Environments Variables#
XINFERENCE_ENDPOINT#
Endpoint of Xinference, used to connect to Xinference service. Default value is http://127.0.0.1:9997 , you can get it through logs.
XINFERENCE_MODEL_SRC#
Modelhub used for downloading models. Default is “huggingface”, or you can set “modelscope” as downloading source.
XINFERENCE_HOME#
By default, Xinference uses <HOME>/.xinference as home path to store
necessary files such as logs and models, where <HOME> is the home
path of current user. You can change this directory by configuring this environment
variable.
XINFERENCE_HEALTH_CHECK_FAILURE_THRESHOLD#
The maximum number of failed health checks tolerated at Xinference startup. Default value is 5.
XINFERENCE_HEALTH_CHECK_INTERVAL#
Health check interval (seconds) at Xinference startup. Default value is 5.
XINFERENCE_HEALTH_CHECK_TIMEOUT#
Health check timeout (seconds) at Xinference startup. Default value is 10.
XINFERENCE_DISABLE_HEALTH_CHECK#
Xinference will automatically report health check at Xinference startup. Setting this environment to 1 can disable health check.
XINFERENCE_DISABLE_METRICS#
Xinference will by default enable the metrics exporter on the supervisor and worker.

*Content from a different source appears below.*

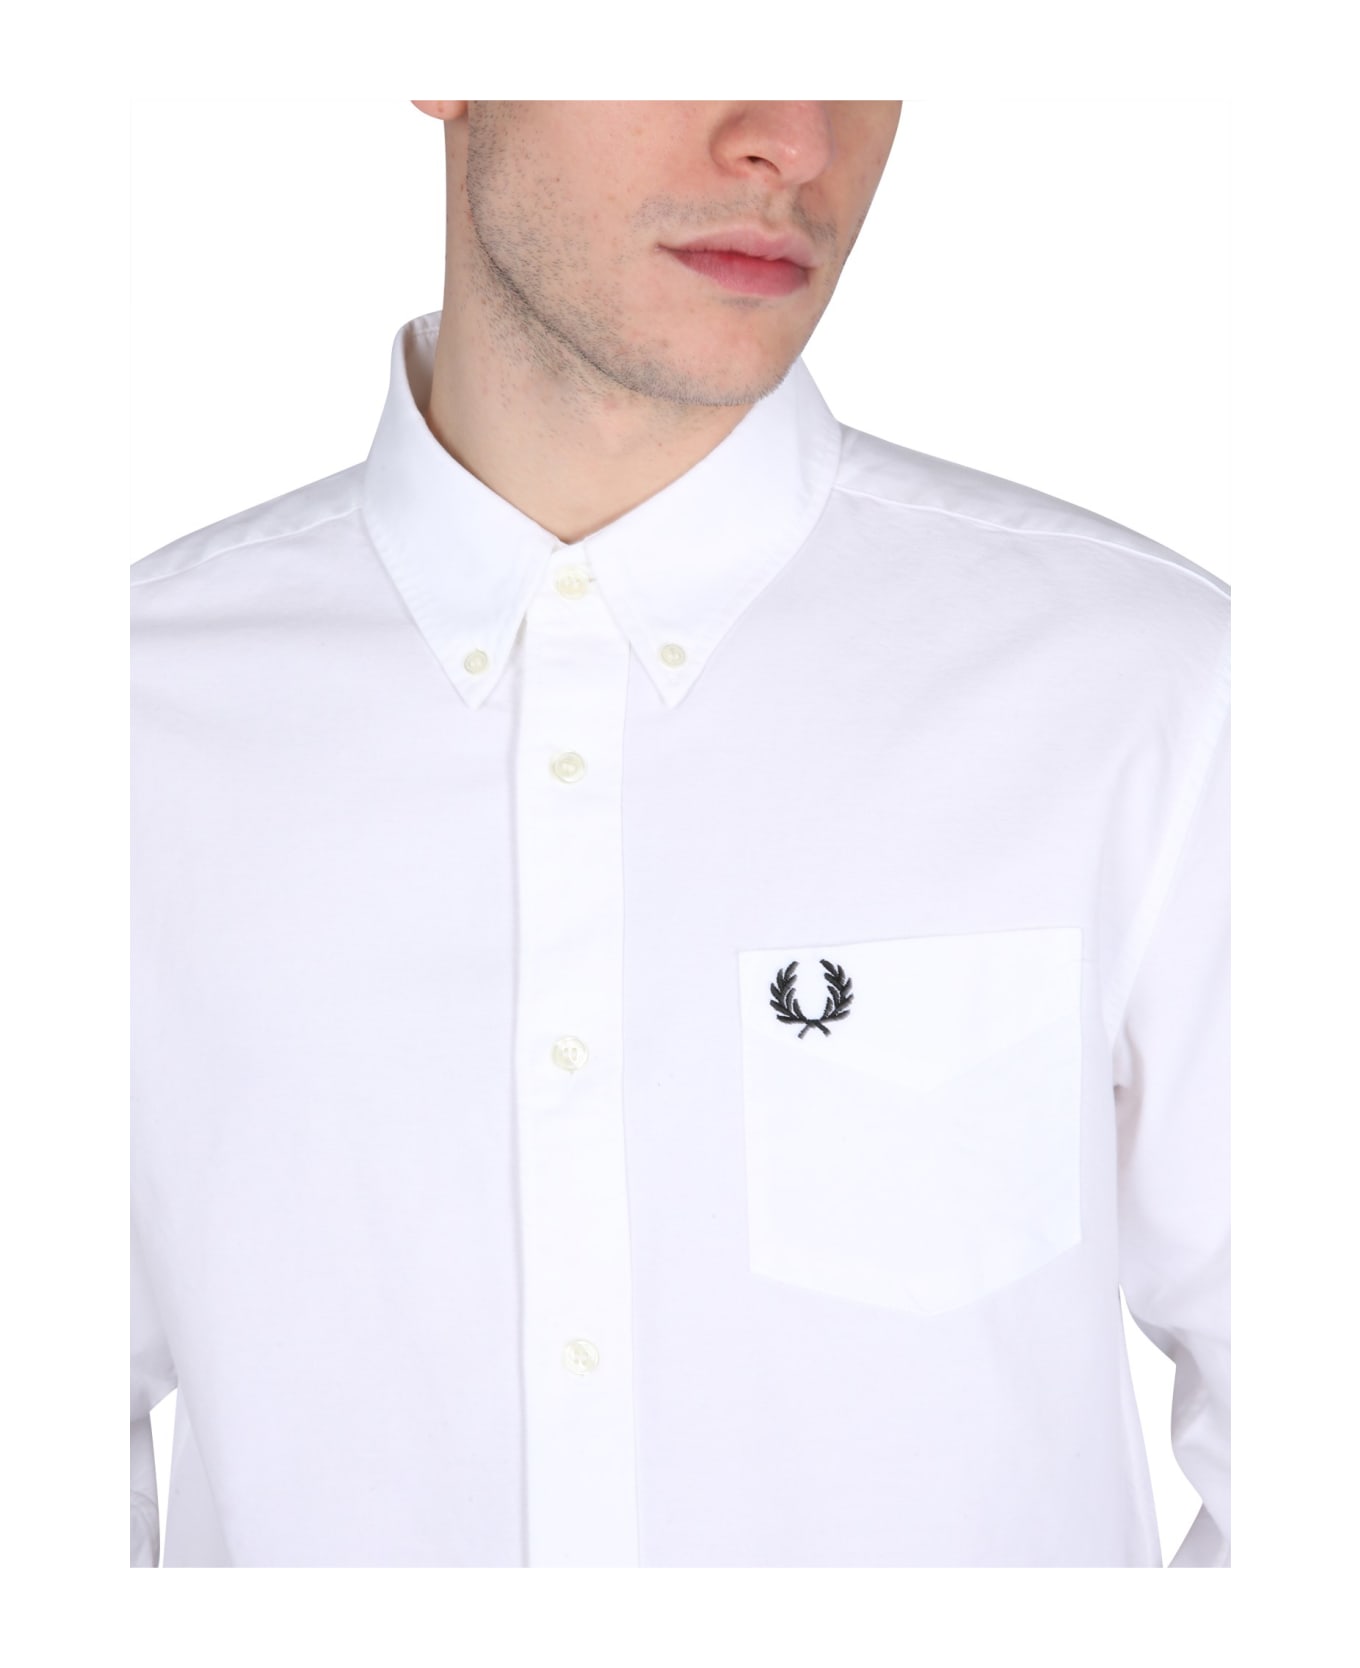 Fred Perry Cotton Poplin Oxford Shirt - White

Setting this environment to 1 will disable the /metrics endpoint on the supervisor and the HTTP service (only provide the /metrics endpoint) on the worker.

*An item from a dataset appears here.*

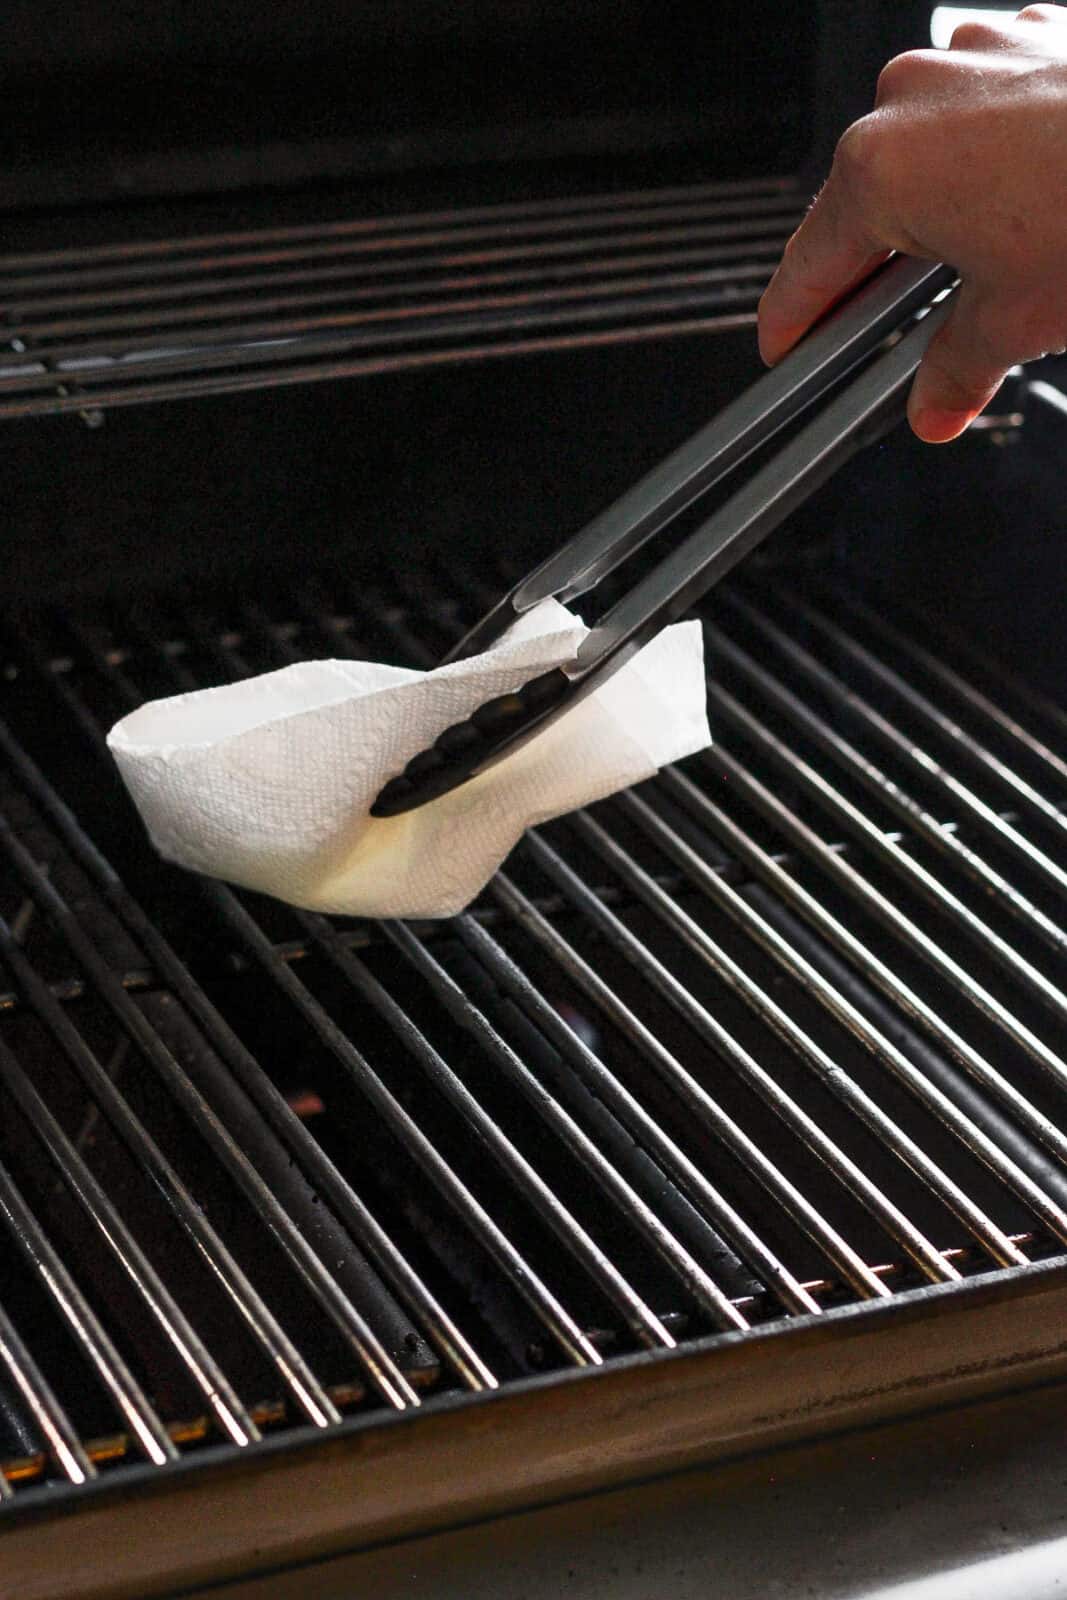 Hot grill grates being rubbed down with a paper towel that has olive oil on it.

XINFERENCE_DOWNLOAD_MAX_ATTEMPTS#
Maximum download retry attempts for model files. Default value is 3.
XINFERENCE_TEXT_TO_IMAGE_BATCHING_SIZE#
Enable continuous batching for text-to-image models by specifying the target image size
(e.g., 1024*1024). Default is unset.
XINFERENCE_SSE_PING_ATTEMPTS_SECONDS#
Server-Sent Events keepalive ping interval (seconds). Default value is 600.
XINFERENCE_MAX_TOKENS#
Global max tokens limit override for requests. Default is unset.
XINFERENCE_ALLOWED_IPS#
Restrict access to specified IPs or CIDR blocks. Default is unset (no restriction).
XINFERENCE_BATCH_SIZE#
Default batch size used by the server when batching is enabled. Default value is 32.
XINFERENCE_BATCH_INTERVAL#
Default batching interval (seconds). Default value is 0.003.
XINFERENCE_ALLOW_MULTI_REPLICA_PER_GPU#
Whether to allow multiple replicas on a single GPU. Default value is 1 (enabled).
XINFERENCE_LAUNCH_STRATEGY#
GPU allocation strategy for replicas. Default is IDLE_FIRST_LAUNCH_STRATEGY.
XINFERENCE_MAX_CONCURRENT_LAUNCHES#
Maximum number of model launches that can proceed concurrently on a single worker node. When more replicas are launched than this limit, excess launches queue and proceed as slots free up. This prevents resource exhaustion (fork storms, disk IO saturation, GPU memory contention) that can cause heartbeat timeouts. Default value is 5.
XINFERENCE_ENABLE_VIRTUAL_ENV#
Enable model virtual environments globally. Default value is 1 (enabled, starting from v2.0).
XINFERENCE_VIRTUAL_ENV_SKIP_INSTALLED#
Skip packages already present in system site-packages when creating virtual environments. Default value is 1.
XINFERENCE_CSG_TOKEN#
Authentication token for CSGHub model source. Default is unset.
XINFERENCE_CSG_ENDPOINT#
CSGHub endpoint for model source.
Default value is https://hub-stg.opencsg.com/.
XINFERENCE_QWEN3_RERANK_TEMPLATE#
Enable template for Qwen3 rerank model family (0.6B, 4B, 8B,etc) globally. Default value is 1.
XINFERENCE_LAUNCH_HISTORY_DB_PATH#
Path to the SQLite database that stores the model launch configuration history
shown in the “Launch Model” drawer of the Web UI. This store is shared across
all clients so the history is available from any browser or machine, and it is
independent of the authentication database. When authentication is enabled, each
record keeps the creator’s username (created_by).
Default value is <XINFERENCE_HOME>/launch_history.db.